I'm also doing the Boys from Tornado Alley class in Sperry, OK next month.

My guess is we'll have to travel outside Shannon to find someplace to eat.
Shannon appears to be a small town. 

Dallas


----------



## Diva Q (Feb 14, 2008)

Sounds good !


----------



## Kloset BBQR (Feb 14, 2008)

Sounds good, maybe we can convert Bubba over to being a pellethead.  Afer all there just microstick burners!

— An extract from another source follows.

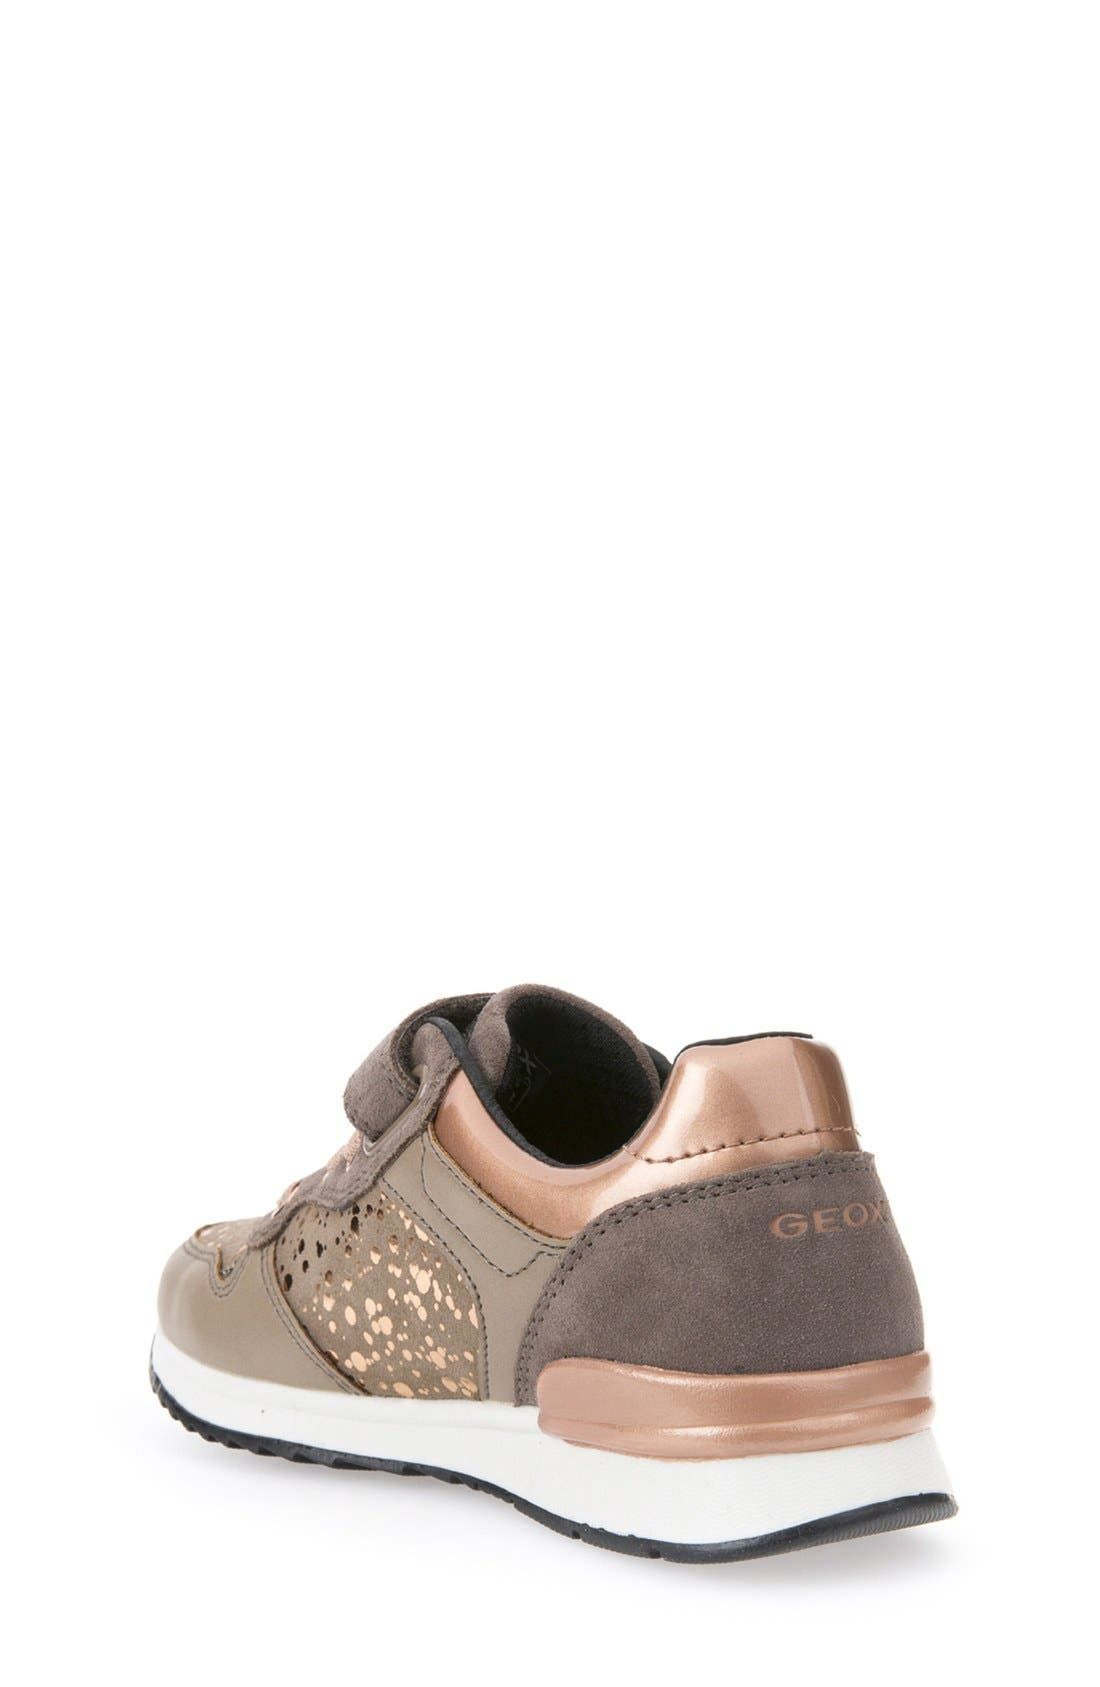 Maisie Sneaker,                             Alternate thumbnail 2, color,                             Dark Beige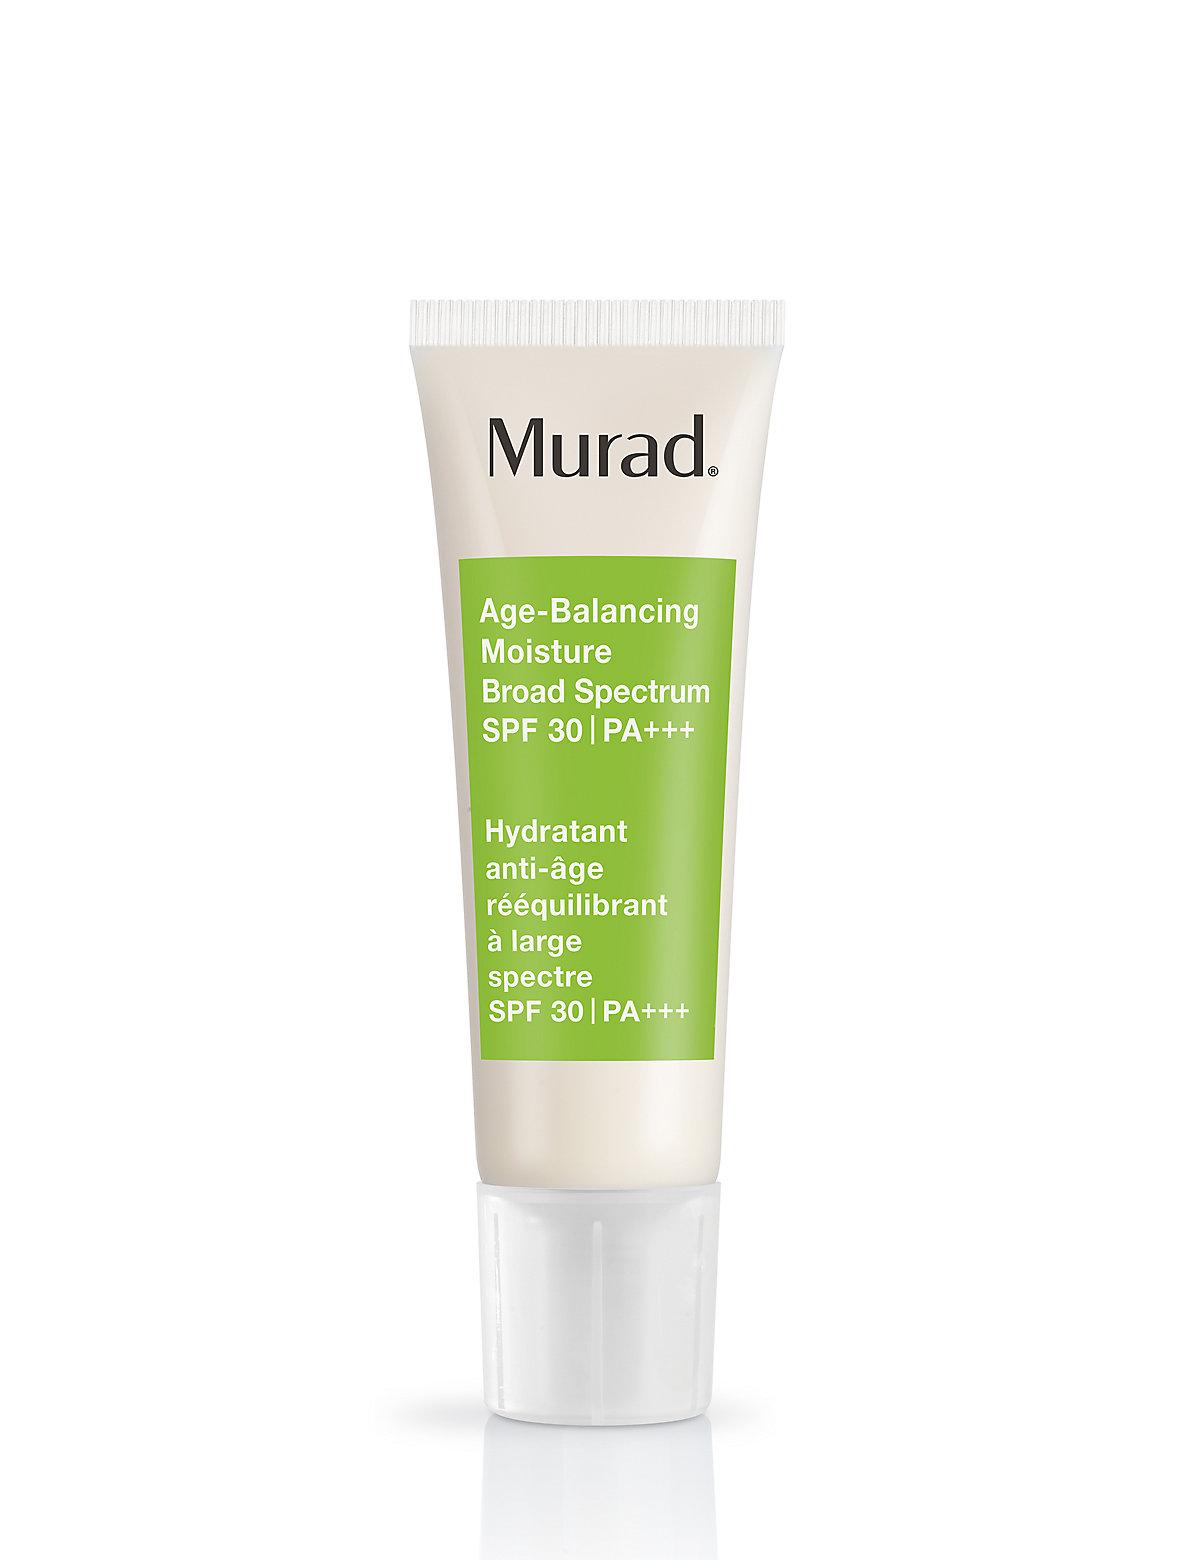 Murad Age-Balancing Moisture Broad Spectrum SPF30 PA+++ 50ml

Probably take a lot of pellets to get his Klose up to temp though!


----------



## Impailer (Feb 14, 2008)

Kloset BBQR said:
			
		

> Uncle Bubba and I will be there also Danielle.  We're even bringing the wives to the class.  Maybe we can get together for dinner there and figure something out.
> 
> I'm also doing the Boys from Tornado Alley class in Sperry, OK next month.
> 
> ...



Are you planning on getting there for Friday afternoon or Thursday night?

Looking at the application form, they are providing dinner on Friday night at the class, so we could get together for dinner Saturday night.

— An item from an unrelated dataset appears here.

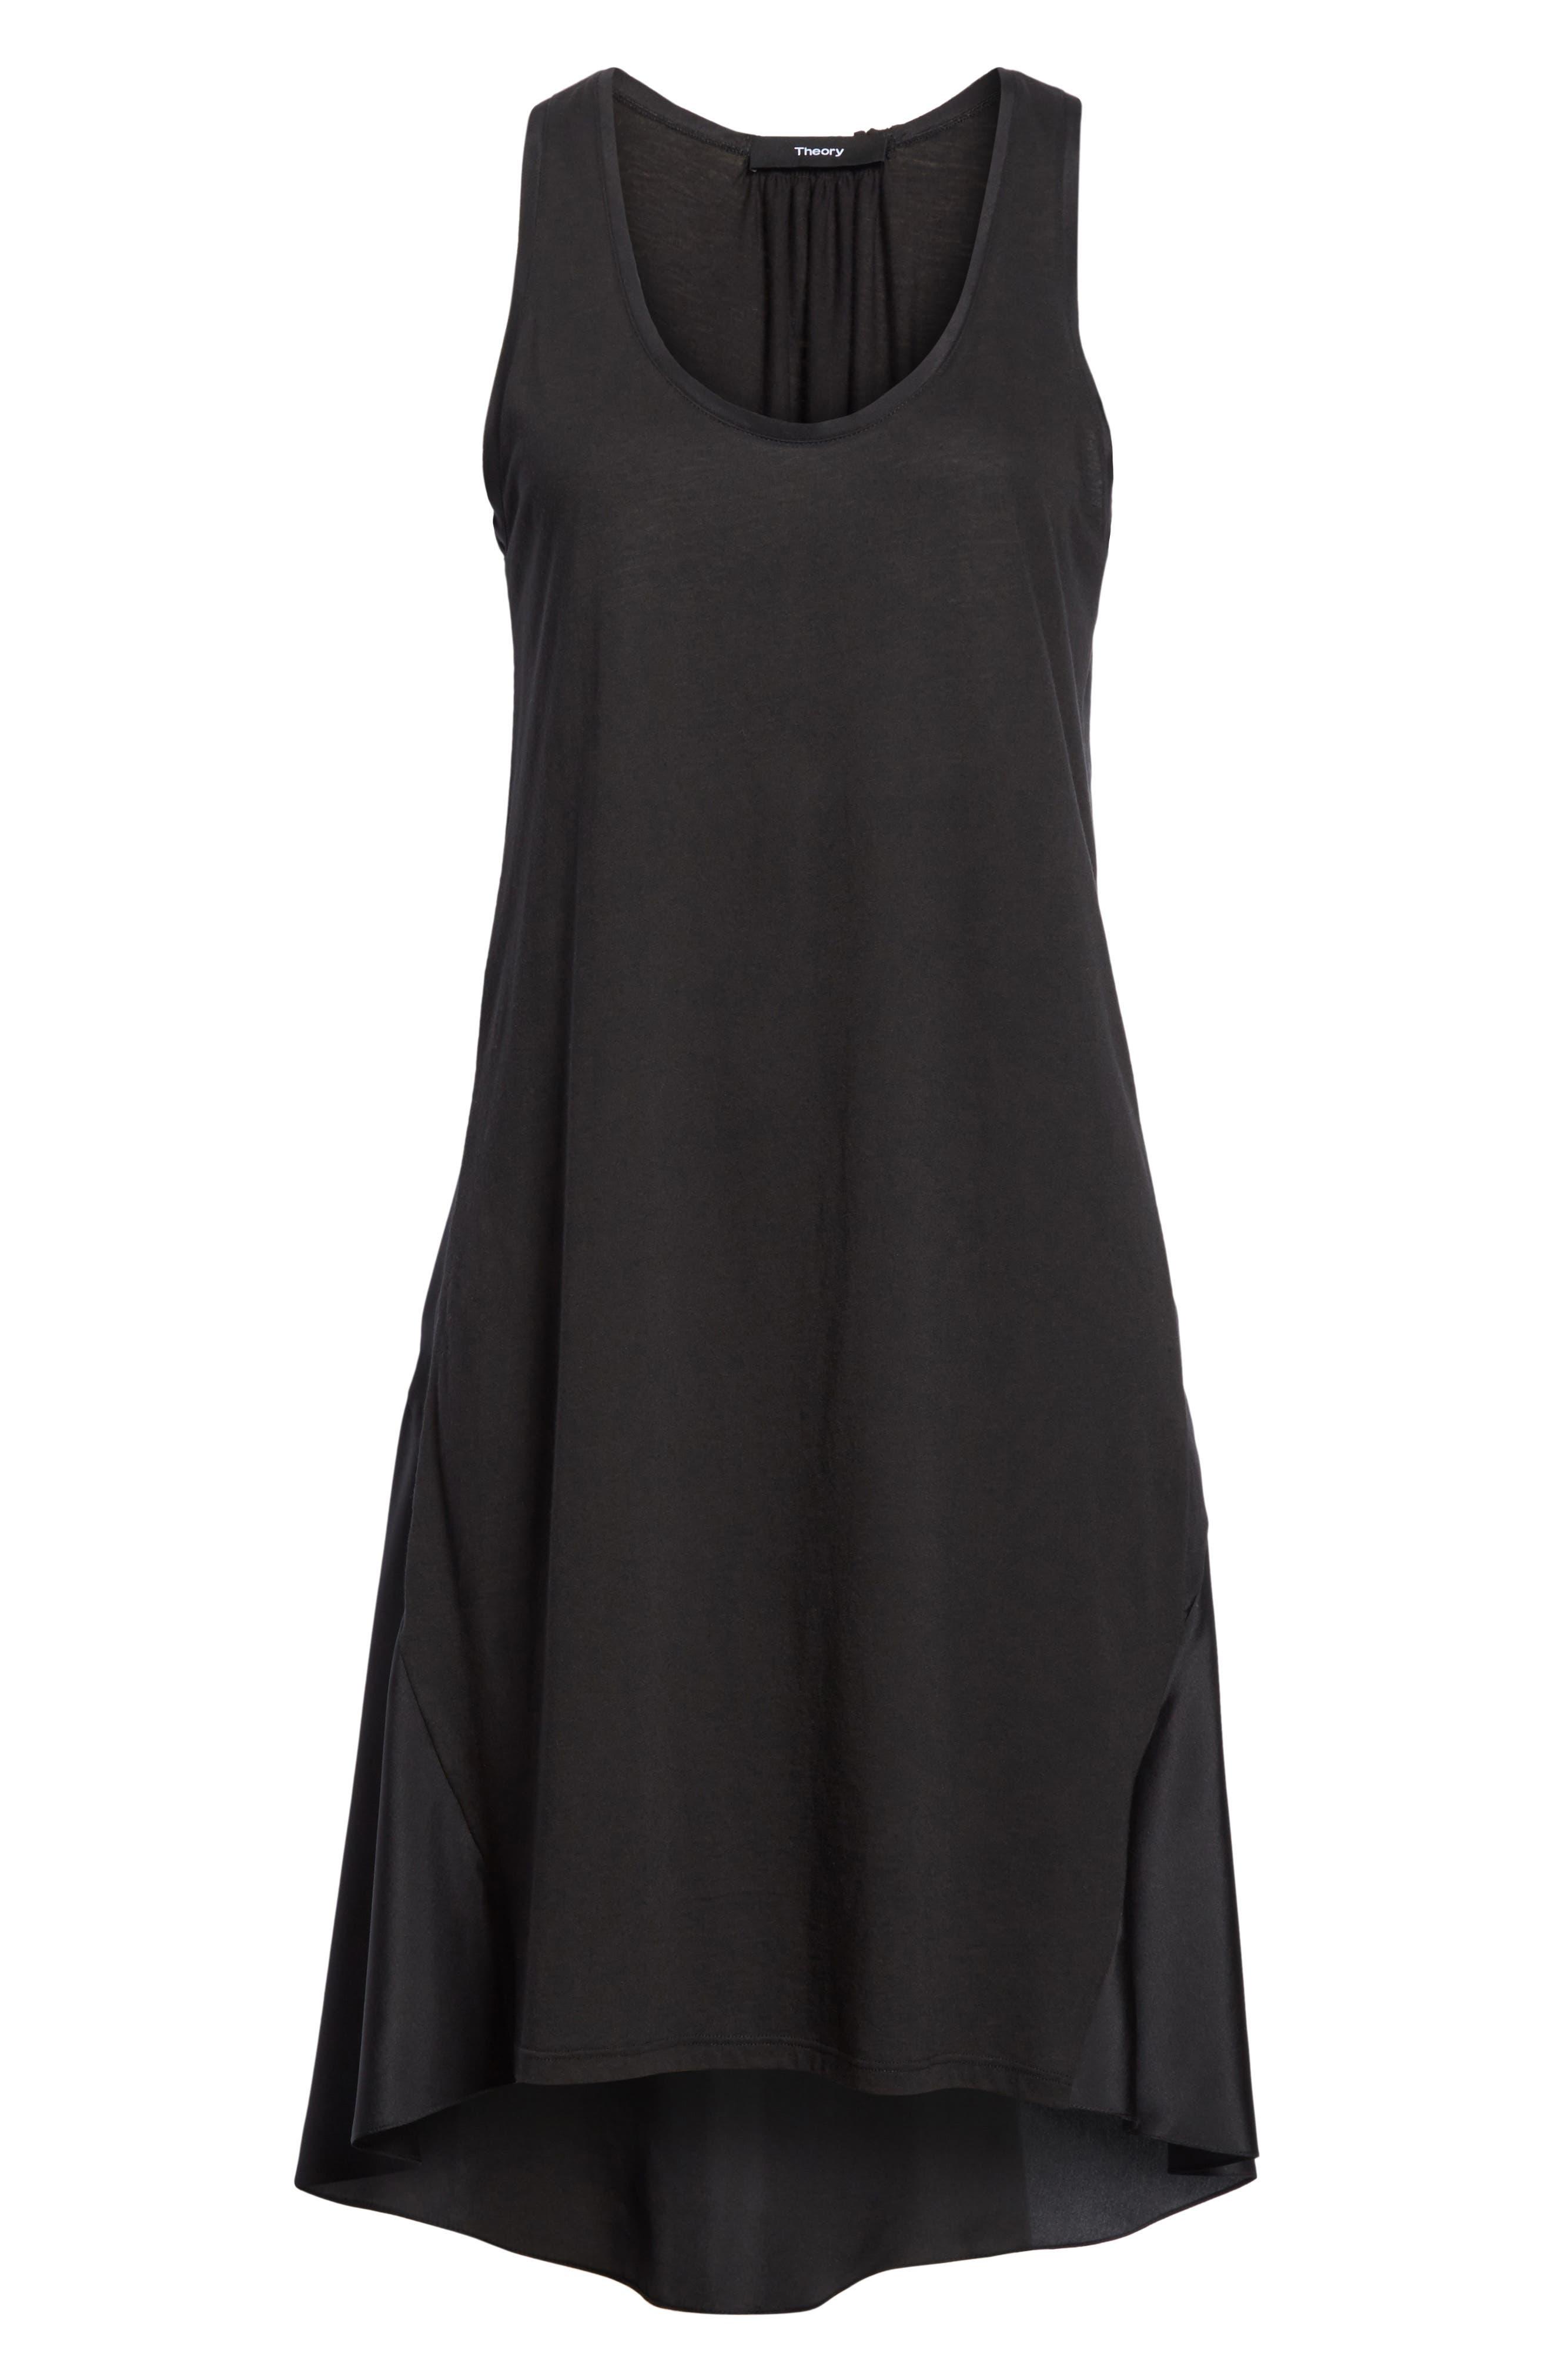 Plume Jersey Scoop Neck Swing Dress,                             Alternate thumbnail 6, color,                             001

We will most likely be leaving from here Thursday early AM with a pit stop at Birch Run Prime Outlets outside Flint, MI, and we were planning on spending Thursday night and Friday morning in Chicago, before making it to Shannon for 6pm Friday afternoon.


----------



## Impailer (Feb 14, 2008)

wittdog said:
			
		

> Sounds like fun....but when are you getting Vlad the RK?



Maybe it will be my retirement present... too bad I am not eligible to retire for another 18 years


----------



## Kloset BBQR (Feb 14, 2008)

Danielle,

We will most likely be coming in Friday afternoon.  We are staying over Friday and Saturday nights and returning home on Sunday morning.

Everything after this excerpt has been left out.